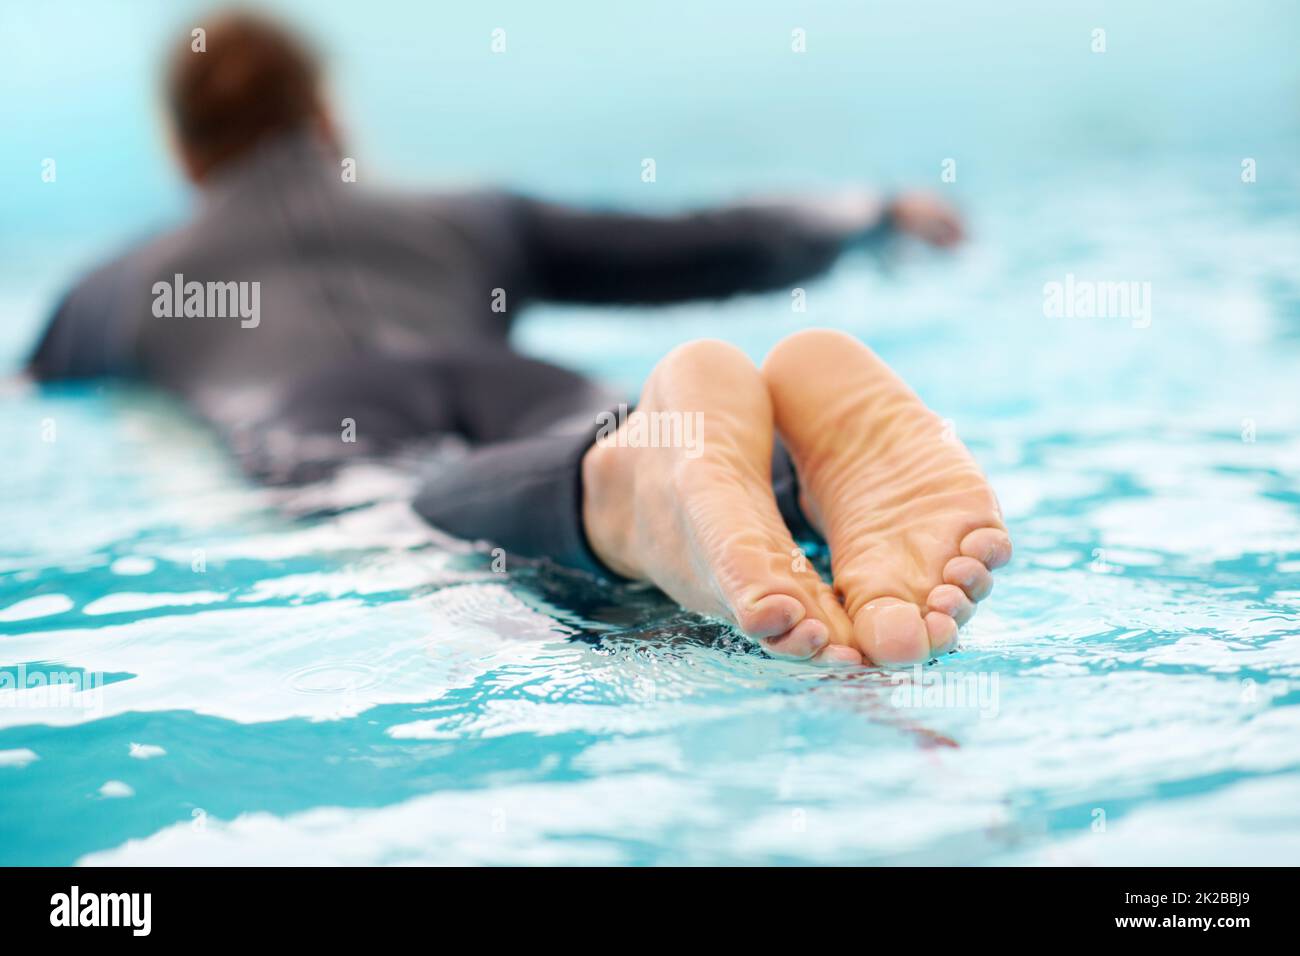 Eure Welle wartet auf euch. Rückansicht eines Mannes, der in klarem blauen Wasser surft. Stockfoto
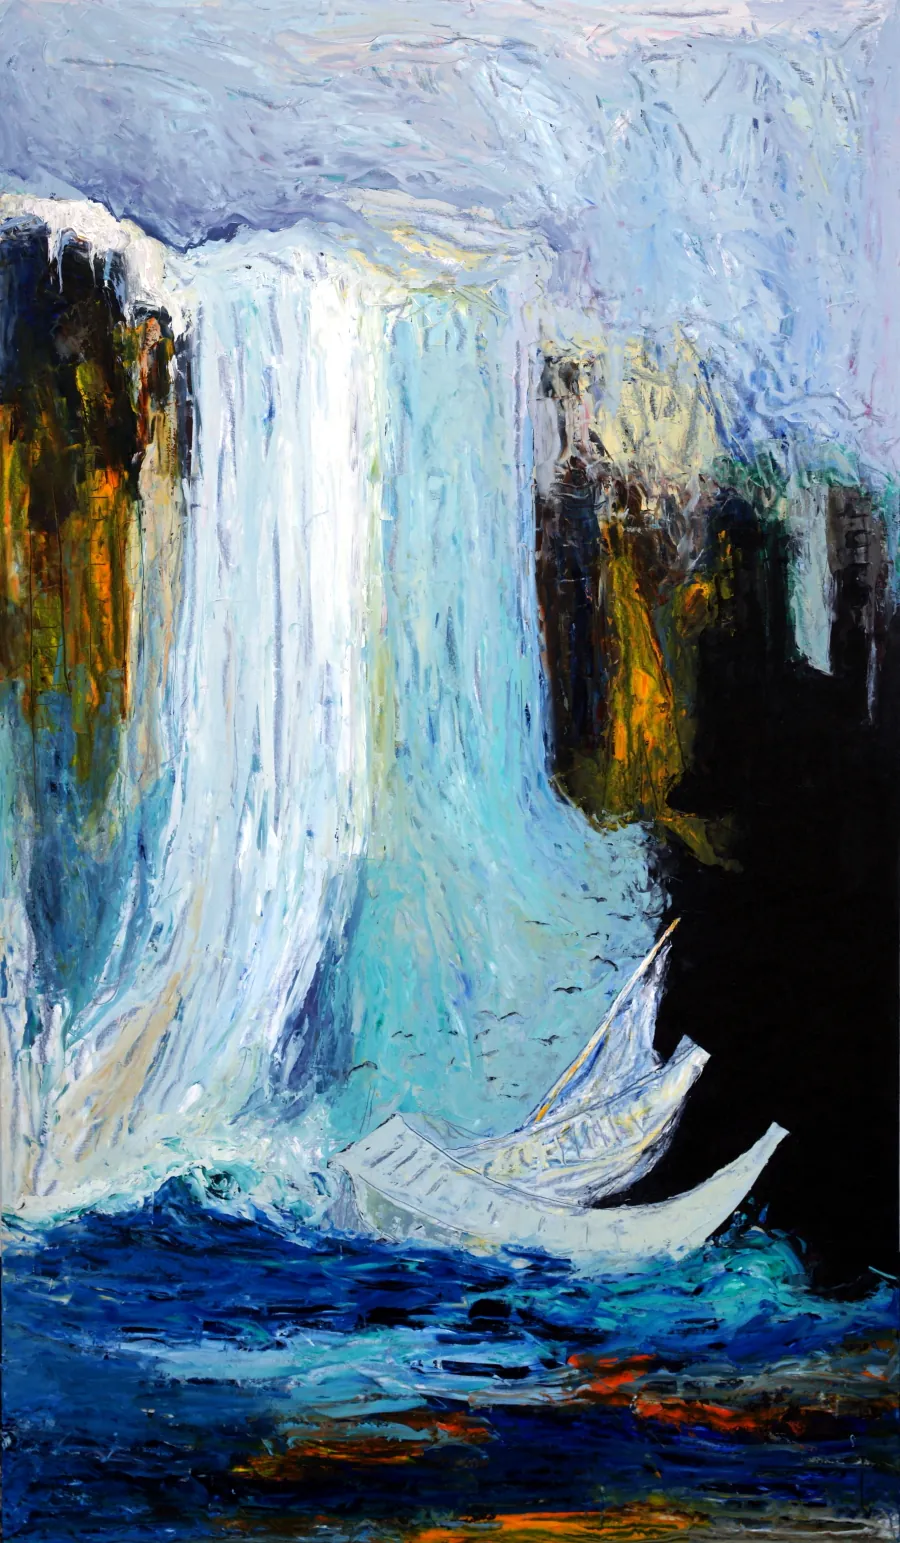 Downfall eller Nemesis er malet på en træplade. Billedet viser et vandfald med sorte fugle, der kredser omkring et stort mørkt gab
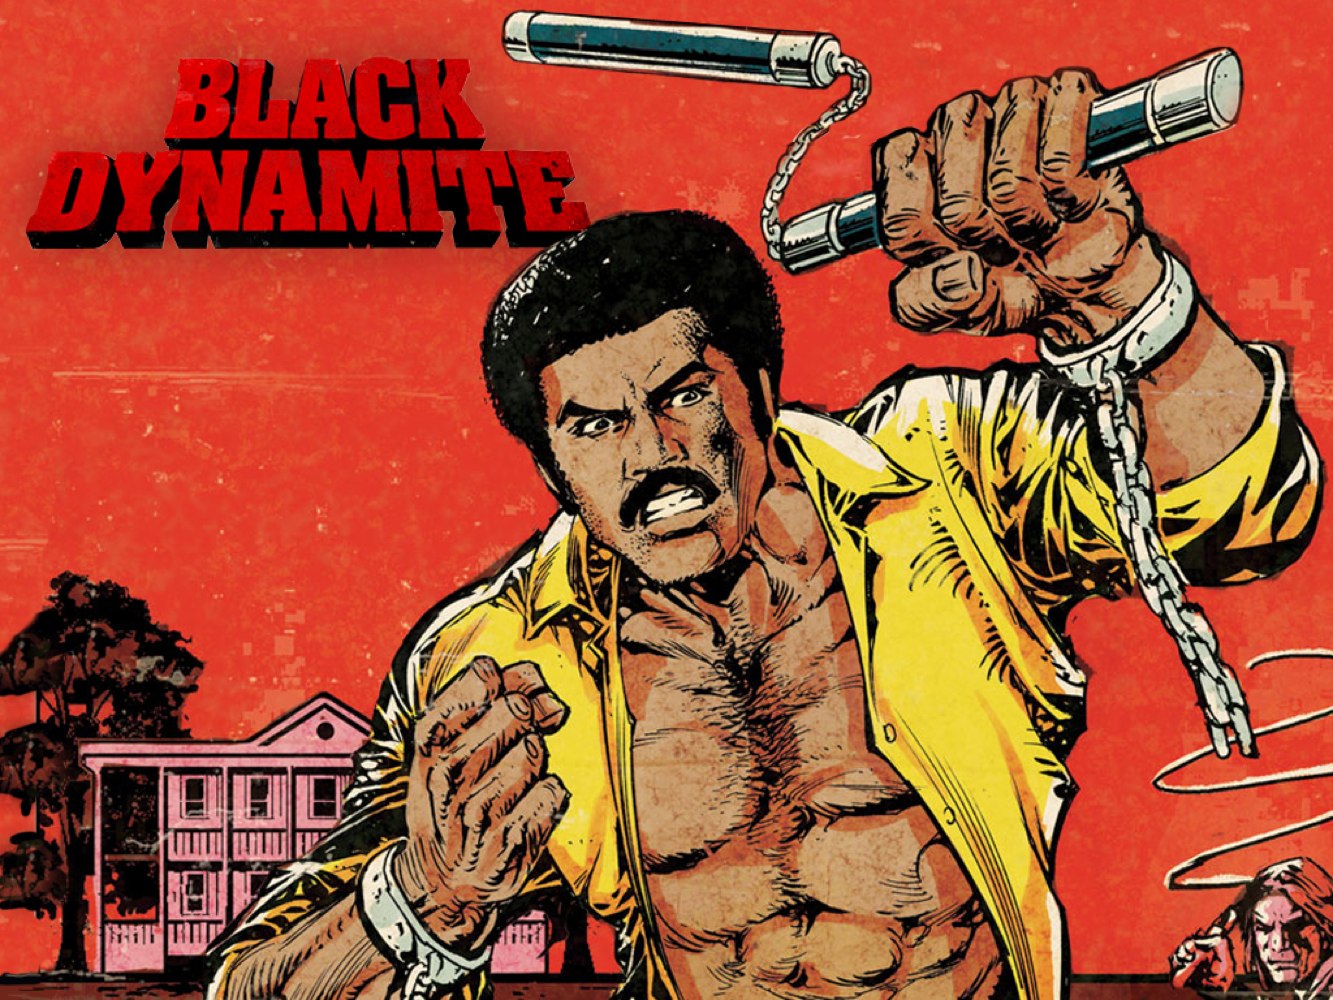 Black Dynamite Porn Movie - DAR TV and Films: Black Dynamite

## ACTIVITY
When you reproduce the data shown above, keep each line exact and omit every picture.

## WRITTEN RESPONSE
 Eure Welle wartet auf euch. Rückansicht eines Mannes, der in klarem blauen Wasser surft. Stockfoto
 Downfall eller Nemesis er malet på en træplade. Billedet viser et vandfald med sorte fugle, der kredser omkring et stort mørkt gab
 Black Dynamite Porn Movie - DAR TV and Films: Black Dynamite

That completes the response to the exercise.